I stopped bothering with Ubisoft, EA, Activision, and probably a few others just because I don’t think the purchase is worth it and their business practices tend to be really dumb.

Only game I decided against buying on principle in recent memory was Halo 5. Halo without split screen might as well not be Halo, if you ask me. Local multiplayer is a big part of why I like having a big brick under my TV.

Bethesda has me a bit worried, though. I’ve generally been pretty satisfied with the games I’ve gotten from them, but that review policy is kinda bonkers.

I will throw my hat in the ring. :slight_smile:

I have boycotted SEGA for 20 years. Now if you think Bethesda, and others are bad, then what do you think of this.

Sega was known for releasing game consoles, and about 6 games when they came out. They would support the console for about 6 months, then stop all game making and support. They did this trick a few times.

Does anyone here remember the blank Sega Dreamcast disks?

I was happy to be a playstation owner.

Honestly, I don’t try to boycott publishers because if a game comes out that I like, I don’t care who published it.

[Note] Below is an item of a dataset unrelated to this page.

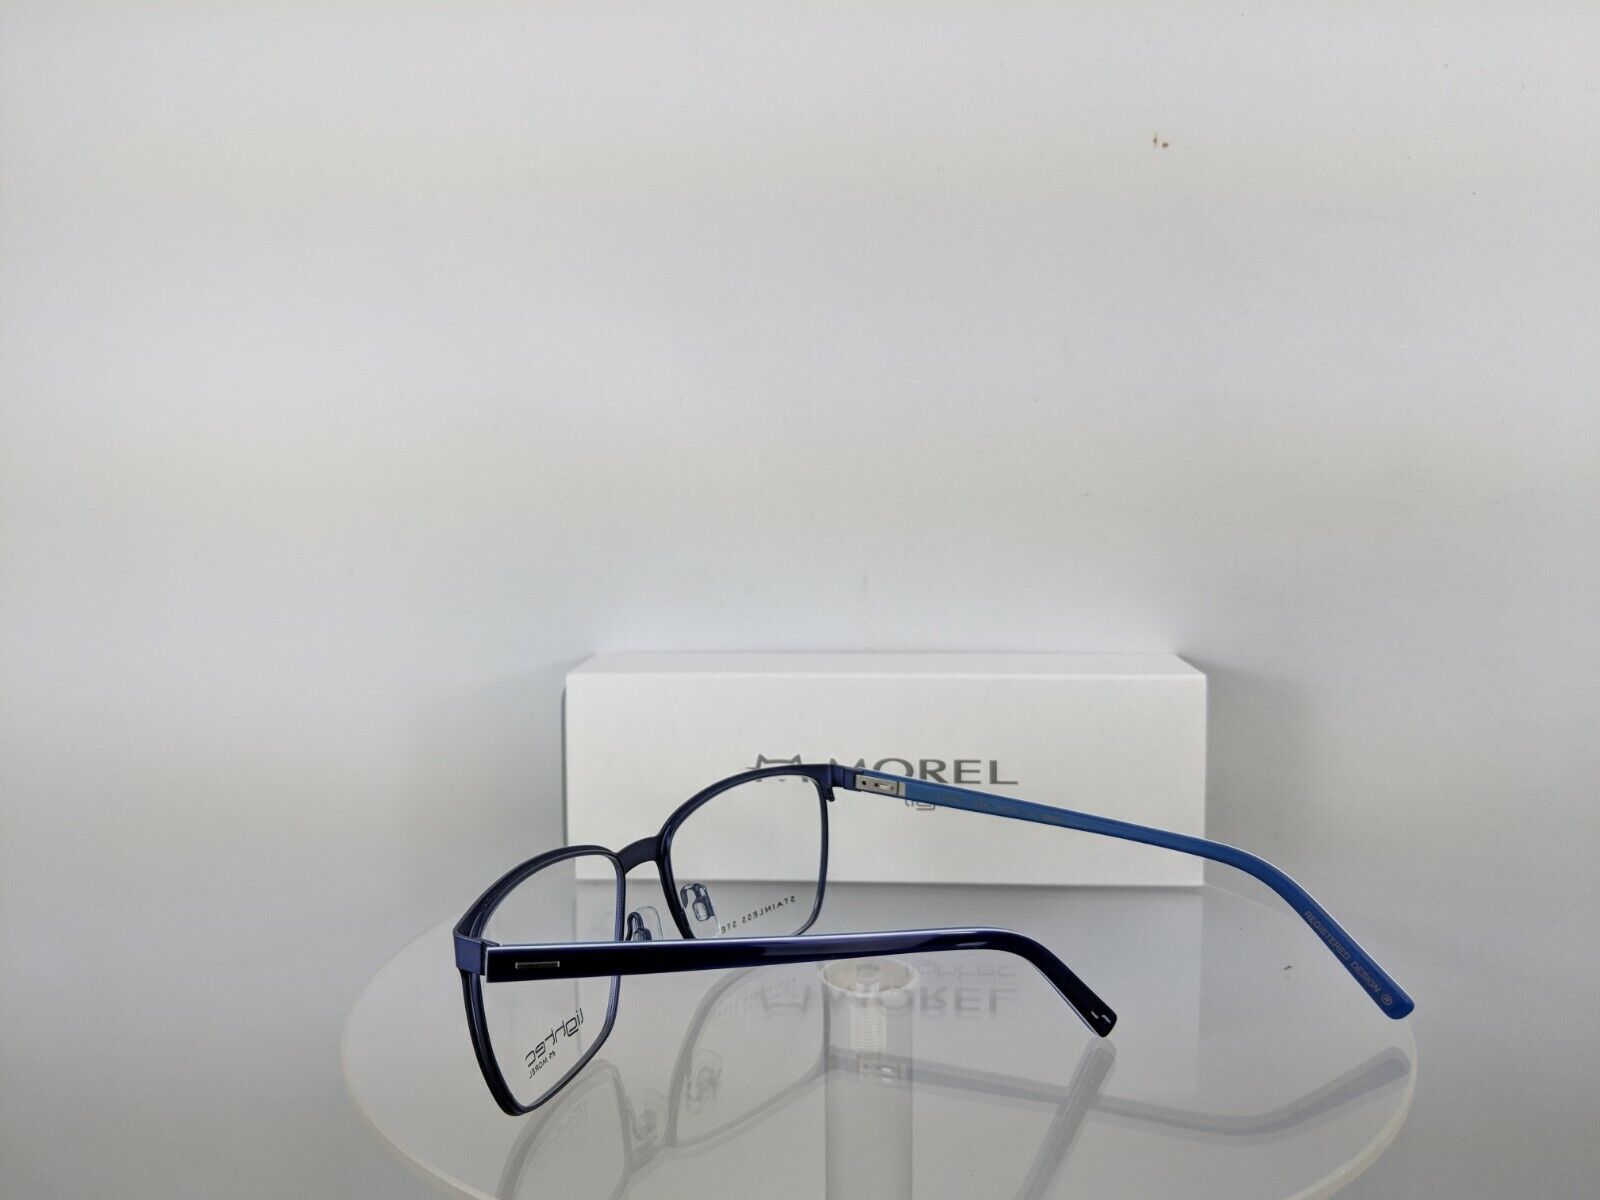 Brand New Authentic Lightec Eyeglasses 8106 L Bb032 Morel Blue Frame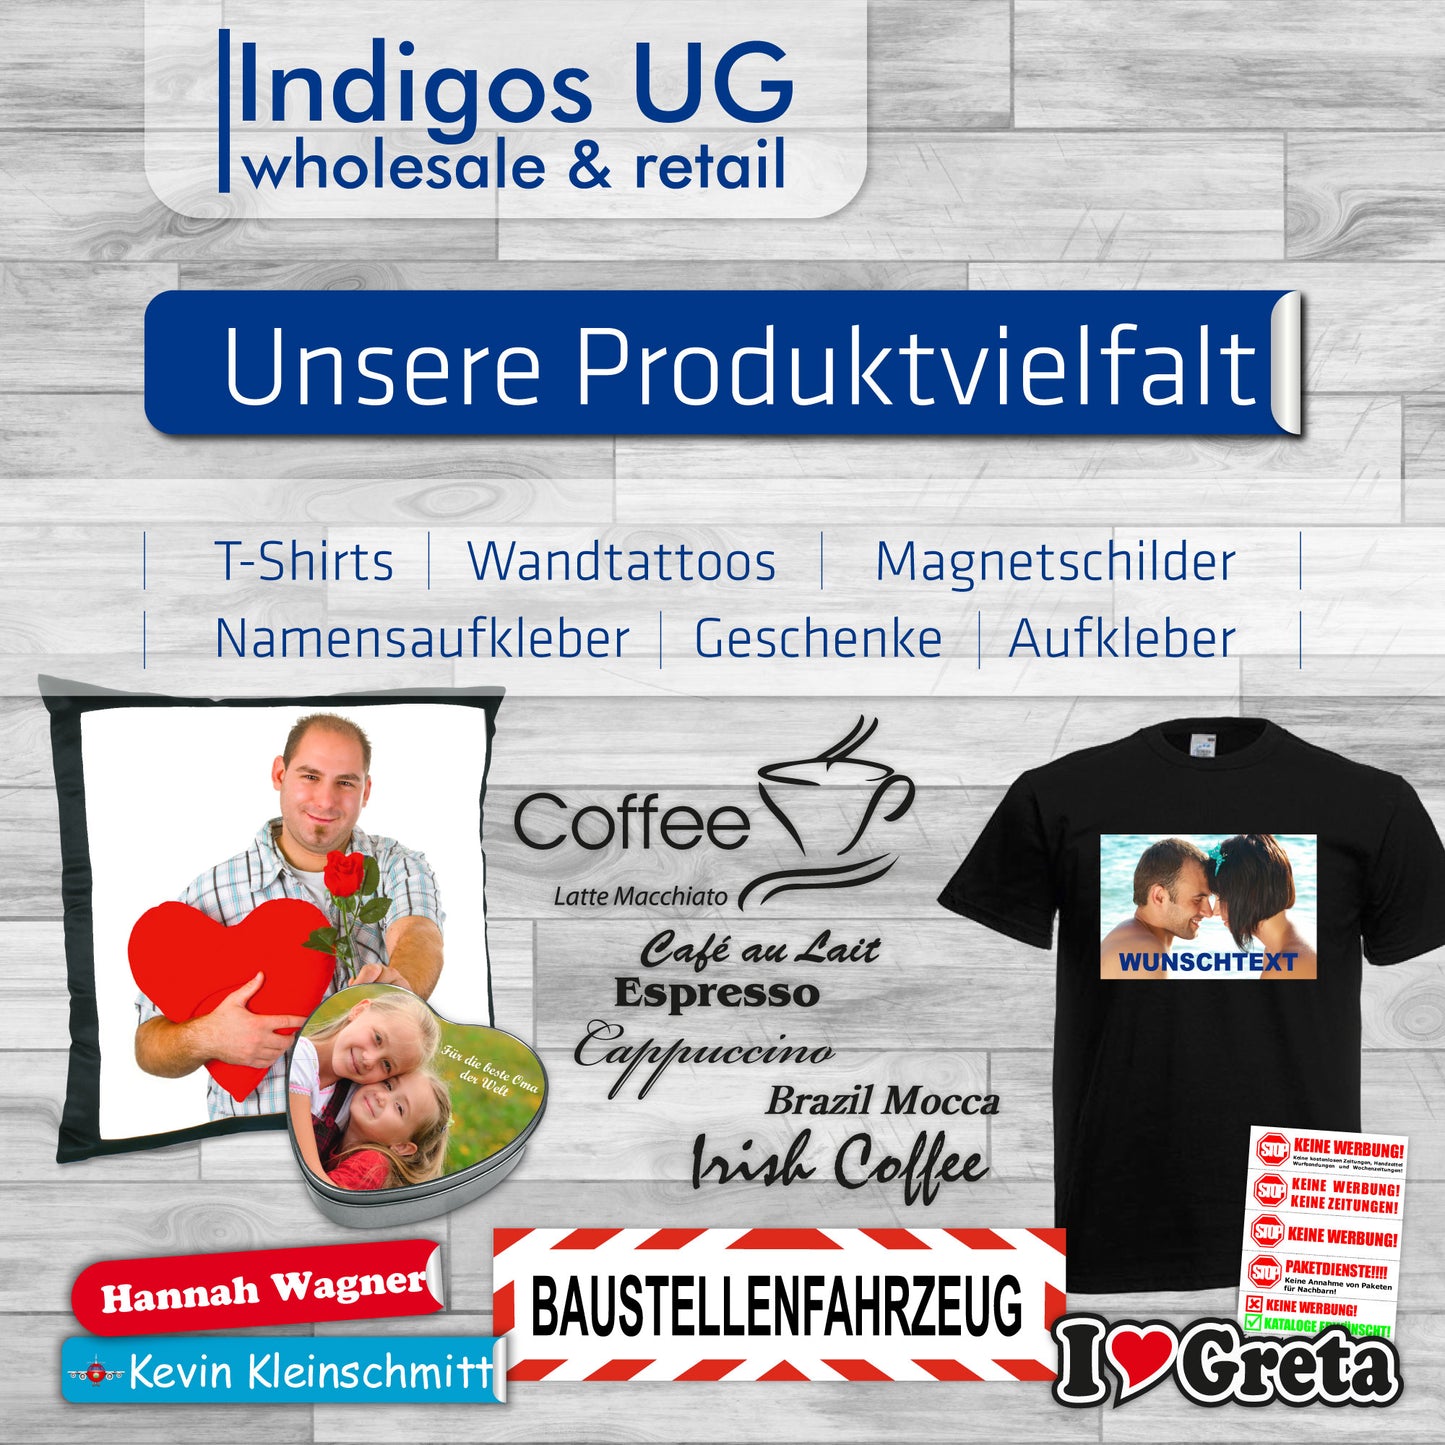 INDIGOS UG - T-Shirt Herren - Brasilien - Hand - Fussball

That being said, 2K is likely to never get another cent out of me. They drove Evolve into the ground and treated the developers like ■■■■, and their game servers are getting shitier with every release. If it wasn’t for their monopoly on Baseball games and WWE, they would have went belly up a long time ago.

Boycott is a strong word
but Nintendo has been on my crap list for a good long while. I kinda grew up as a Nintendo kid, too. Had a NES, got a SNES, got a N64, played the hell out of various Zelda, Mario, Metroid titles as well as others.

It was around when the Gamecube came out that they started losing me and it snowballed from there. Selling that console with the little micro disks
How they didn’t ever produce enough of the Wii consoles at the beginning of it’s life
the mentality “switch” to a more casual gamer retention
the debacle where they nearly killed Smash from EVO a few years back
How, as i understand it, putting their content out on something like youtube entitles them to like 3/4 of any earnings off it
Their kinda wonky approach to online gaming and their initial insistence that it, paraphrasing, wasn’t worth it
And just their kinda nose-to-the-sky feel

what pissed me off about nintendo was their treatment of the boys who made that awesome Another Metroid Remake 2 (or whatever it was called). nintendo didnt tell them to cease and desist on creating that remake at the start of the project, or at least during its early years, which i am sure they knew about because of various coverage it was getting. no, they waited until 8 years later and during metroid’s recent anniversary when they finished the remake to kill the project. that is extremely coldhearted. “we’re gonna let you toil and struggle for nearly a decade
then we’re gonna kill your game.” WTF nintendo.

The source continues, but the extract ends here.